0

I am trying to a do some data profiling/quality checks on data in Snowflake. I've already tried to implement some using SQL but saw there is also an option for a Python worksheet.

My current code:

import snowflake.snowpark as snowpark
from snowflake.snowpark.functions import col, count, countDistinct, min, max, length, lit, avg, sum

def main(session: snowpark.Session): 
    # Your code goes here, inside the "main" handler.
    df_campaign = session.table('liveperson_campaign')

    # Only check on the top 1000 rows 
    df_campaign_top = df_campaign.limit(1000)

    # Initialize empty list to store results 
    data = []

    # Iterate over columns to compute completeness 
    for column_name in df_campaign_top.columns:
        completeness = df_campaign_top.select((count(column_name)/df_campaign_top.count()).alias('completeness')).collect()[0]['completeness']
        data.append((column_name, completeness))

    # Create new dataframe for completeness 
    df_completeness = session.createDataFrame(data, schema=['column', 'completeness'])
        
    # Print a sample of the dataframe to standard output.
    df_completeness.show()

    # Return value will appear in the Results tab.
    return df_completeness

I currently get the following error:

Traceback (most recent call last):
  Worksheet, line 19, in main
  File "snowflake/snowpark/row.py", line 151, in __getitem__
    return self._named_values[item]
KeyError: 'completeness'

Where line 19 is

completeness = df_campaign_top.select((count(column_name)/df_campaign_top.count()).alias('completeness')).collect()[0]['completeness']

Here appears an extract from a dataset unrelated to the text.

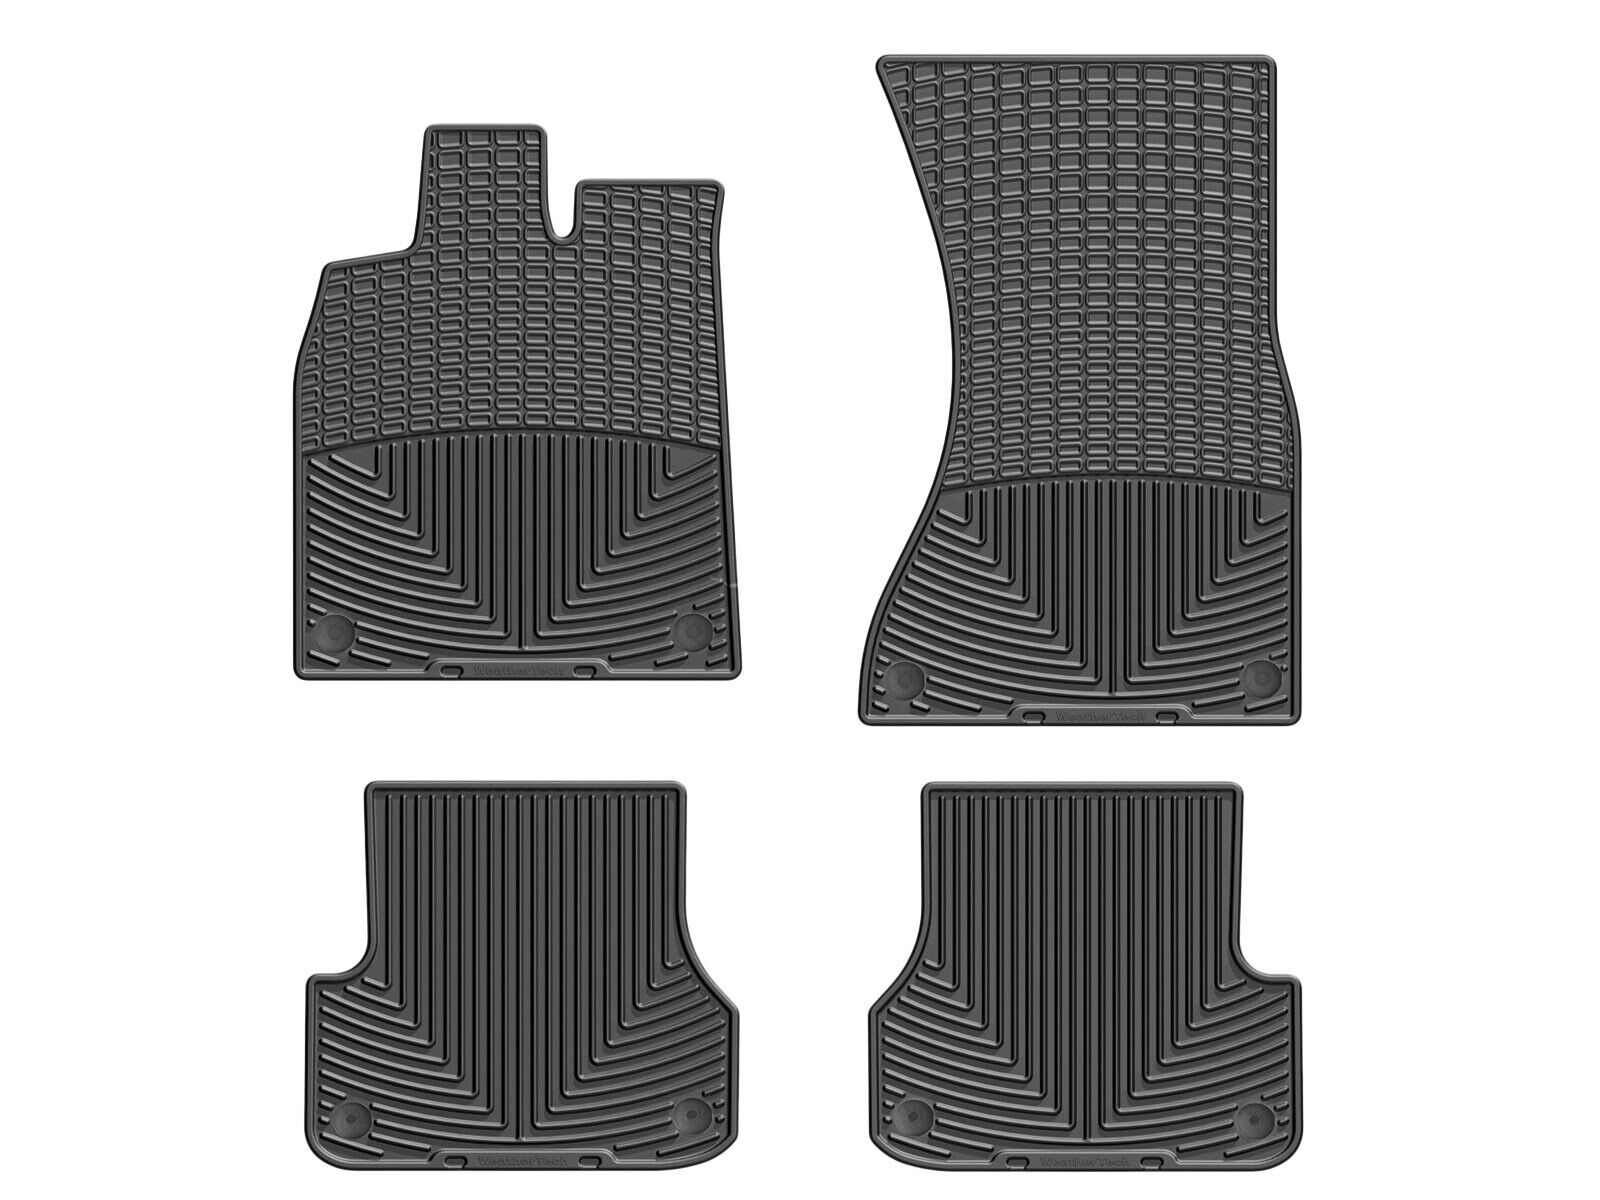 WeatherTech All-Weather Floor Mats for Audi A6/S6/A7/S7/RS7 1st & 2nd Row, Black
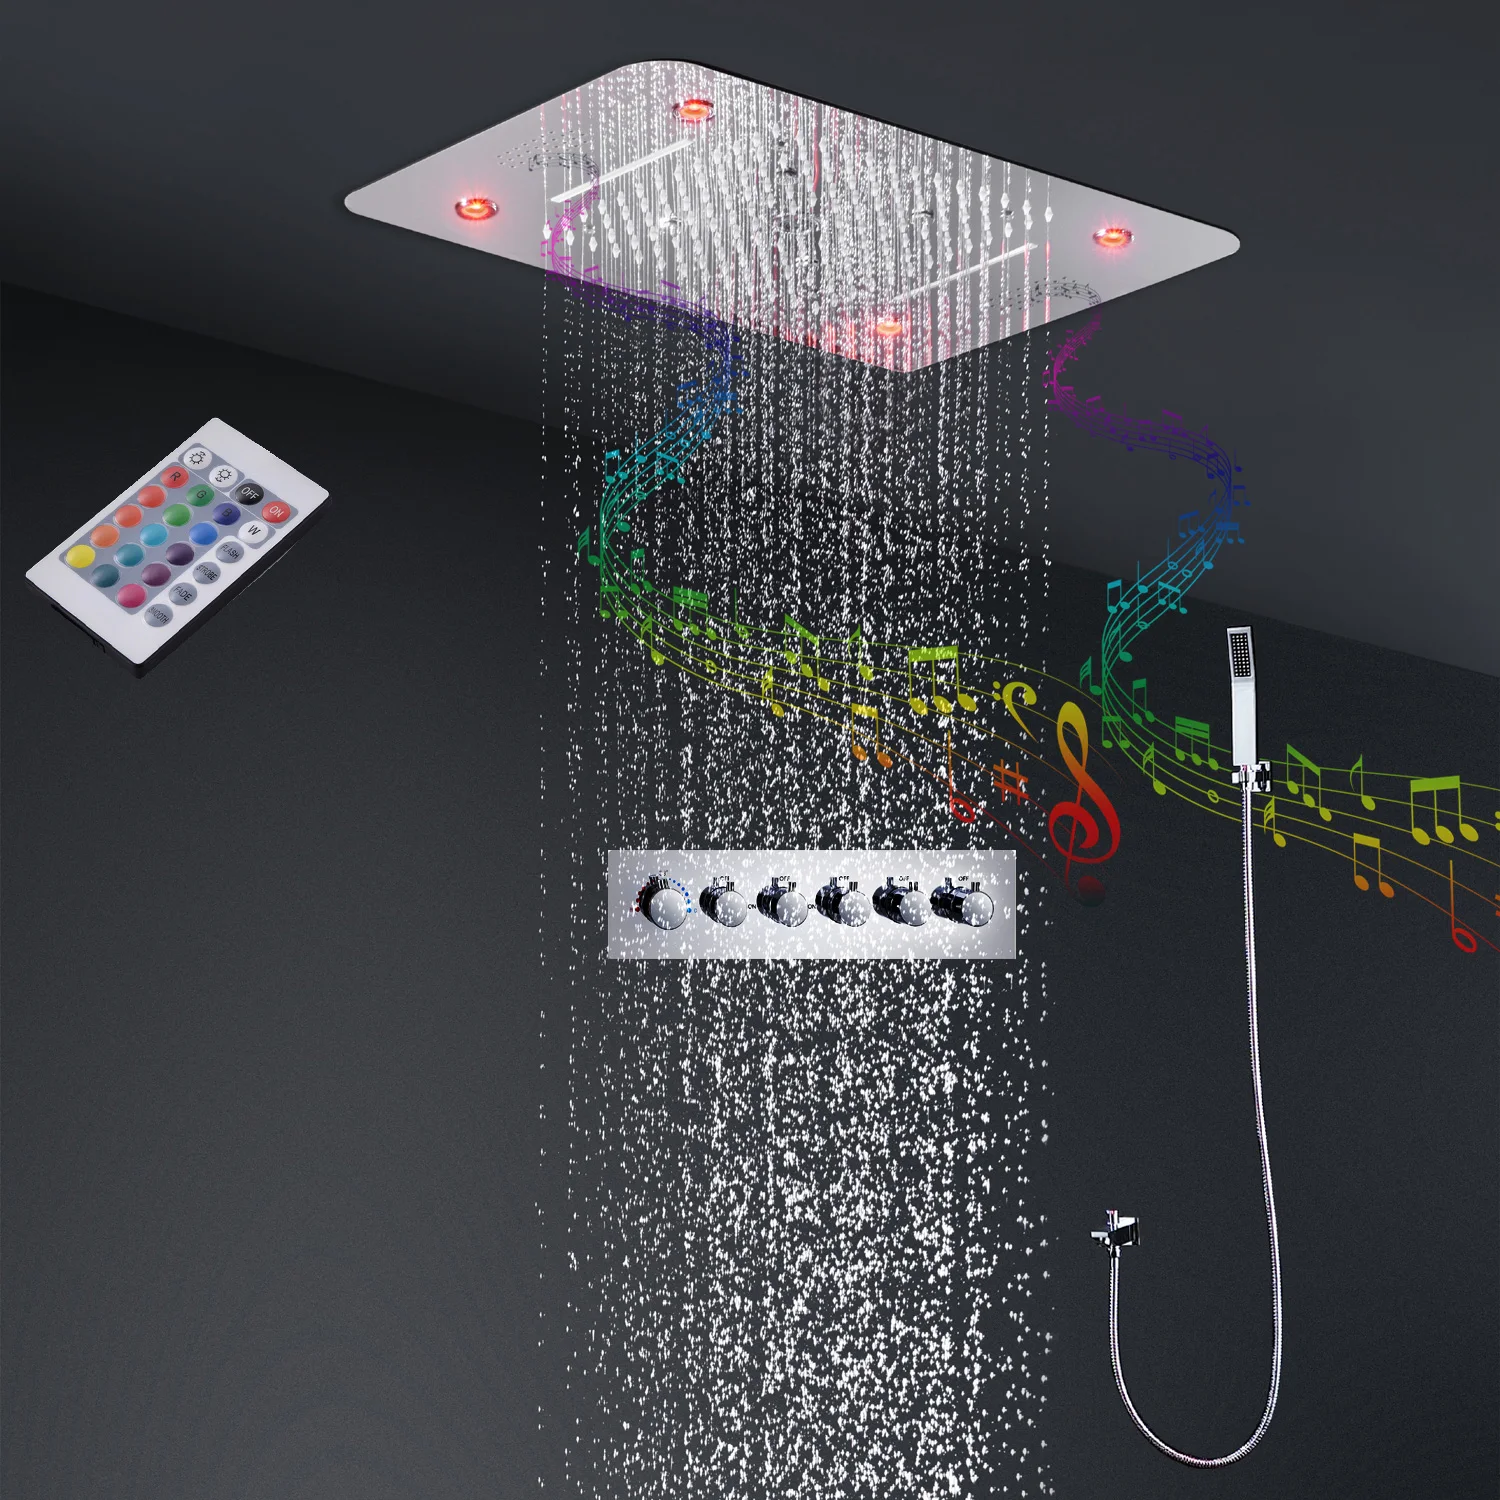 

hm Bluetooth Music Shower Set Bathroom Ceiling Coloful LED Rainfall Showerhead Panel Misty Waterfall Thermostatic Faucet System

I would like to achieve the following: check the completeness for every column in the table, put this into a new dataframe and show the results. Eventually, I would also add checks like uniqueness, min/max values etc. to the same results dataframe. For now, I would just be happy if this works.

Is there a way to achieve this, I don't really understand the error I'm getting. In addition, I'm wondering if snowpark is the right way to tackle this. Would it be better to just keep using the SQL worksheets? I've used pandas before and that worked great, is there a way to embed Pandas into snowpark in some way?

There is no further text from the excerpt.